LONG POST- NOT URGENT. Information sharing!
Since January 3, 2016 I’ve had a few procedures and many tests (scans, MRIs mostly). I thought it might be helpful to describe these from the perspective of a person who doesn’t really get too worked up about things like this. Me.
You can read the description of any procedure and test online, and I think that’s a pretty good idea. I mean, how is one to know if you have any questions if you really can’t picture what’s planned? I imagine we’ve all had the experience when the technician or doctor asks if you have any questions, and you’re still stuck on the first thing they said about what was about to happen.
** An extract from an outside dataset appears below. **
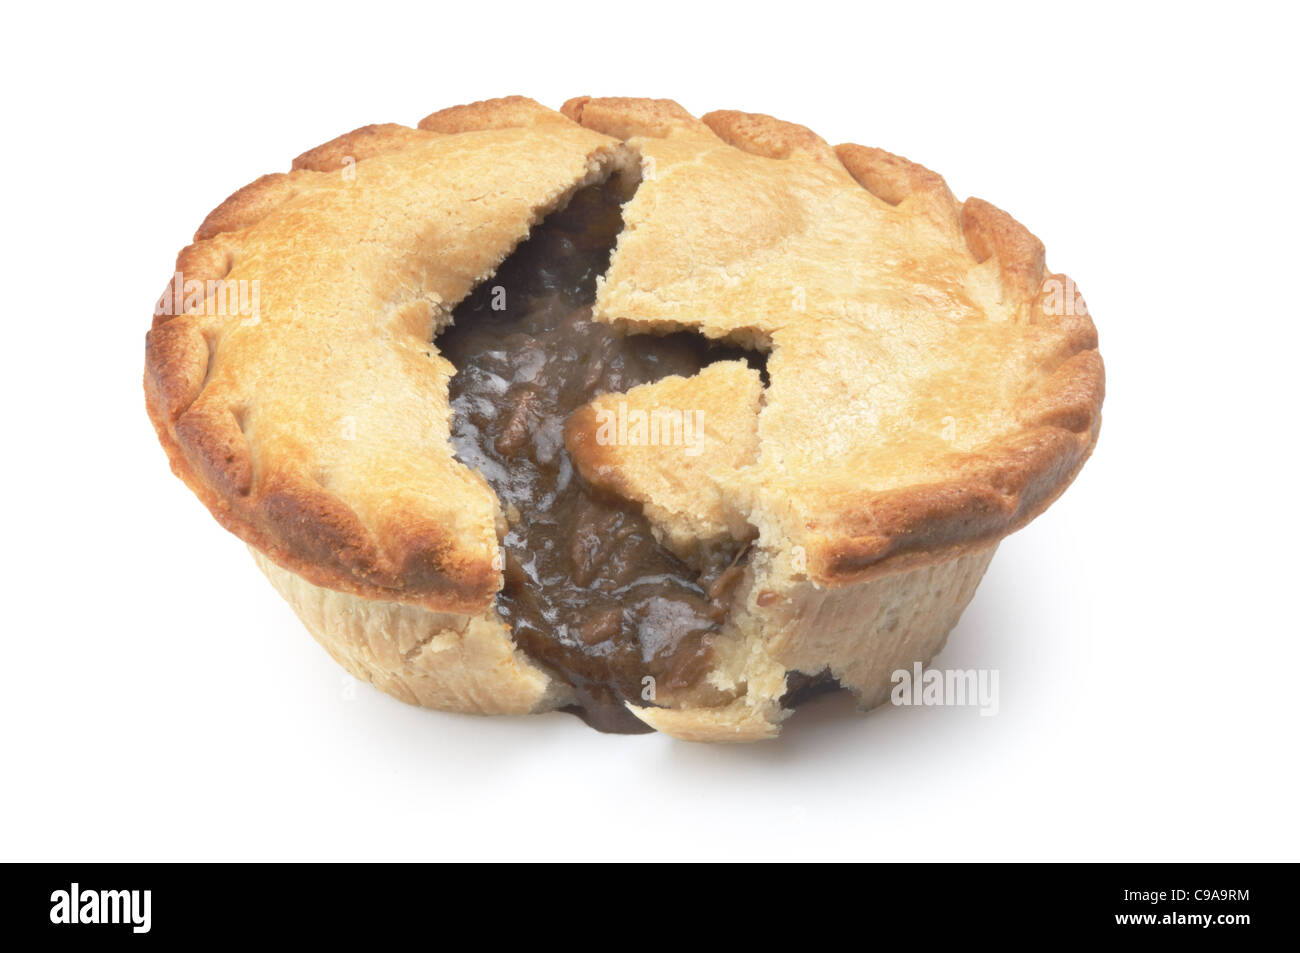 Pie - John Gollop - Stock Image

But, if you prefer just going with it, no need to check it out first online. And, when you’re desperate for the information the procedure or test might provide, you may truly want to just go with it. In either case, if you do go online to check out how the procedure is done, don’t get stuck on the risks. You’re going to have this done, the doctors (and you by consent) have determined that the benefits way outweigh the risks. And seriously, in my case, it’s been a “no brainer”. I know some of what I’ve had done can cause cancer, but I’ll take living long enough to participate in a study on that when it does catch up with me.
So I’ll try to do this chronologically, beginning with the lifesaving x-ray. The one that showed my tumor was done at a walk-in clinic on a winter Sunday afternoon. It’s an “electromagnetic wave of high energy and very short wavelength, which is able to pass through many materials opaque to light” that’s used to take photos of what you can’t see. You lie on the table, the tech leaves the room (to protect themselves) and click, click – that’s it! Quick, easy, painless, and oh so informative. Why, it can find broken bones and lung tumors!
Got a “cough, cough” for months? Ask for an x-ray just to be sure it’s not a tumor. Low dose CT scans are available too, especially if you are “at risk” for lung cancer.
CT scan (sometimes called CAT scan) “A computerized tomography (CT) scan combines a series of X-ray images taken from different angles and uses computer processing to create cross-sectional images, or slices, of the bones, blood vessels and soft tissues inside your body. CT scan images provide more detailed information than plain X-rays do.” (Mayo Clinic) Well, I guess it’s just a fancy x-ray that gives more detailed information. Mine are all “with contrast” – an intravenous and/or an oral “dye” is used to enhance the scan/x-ray. My first one in this journey was at my local hospital.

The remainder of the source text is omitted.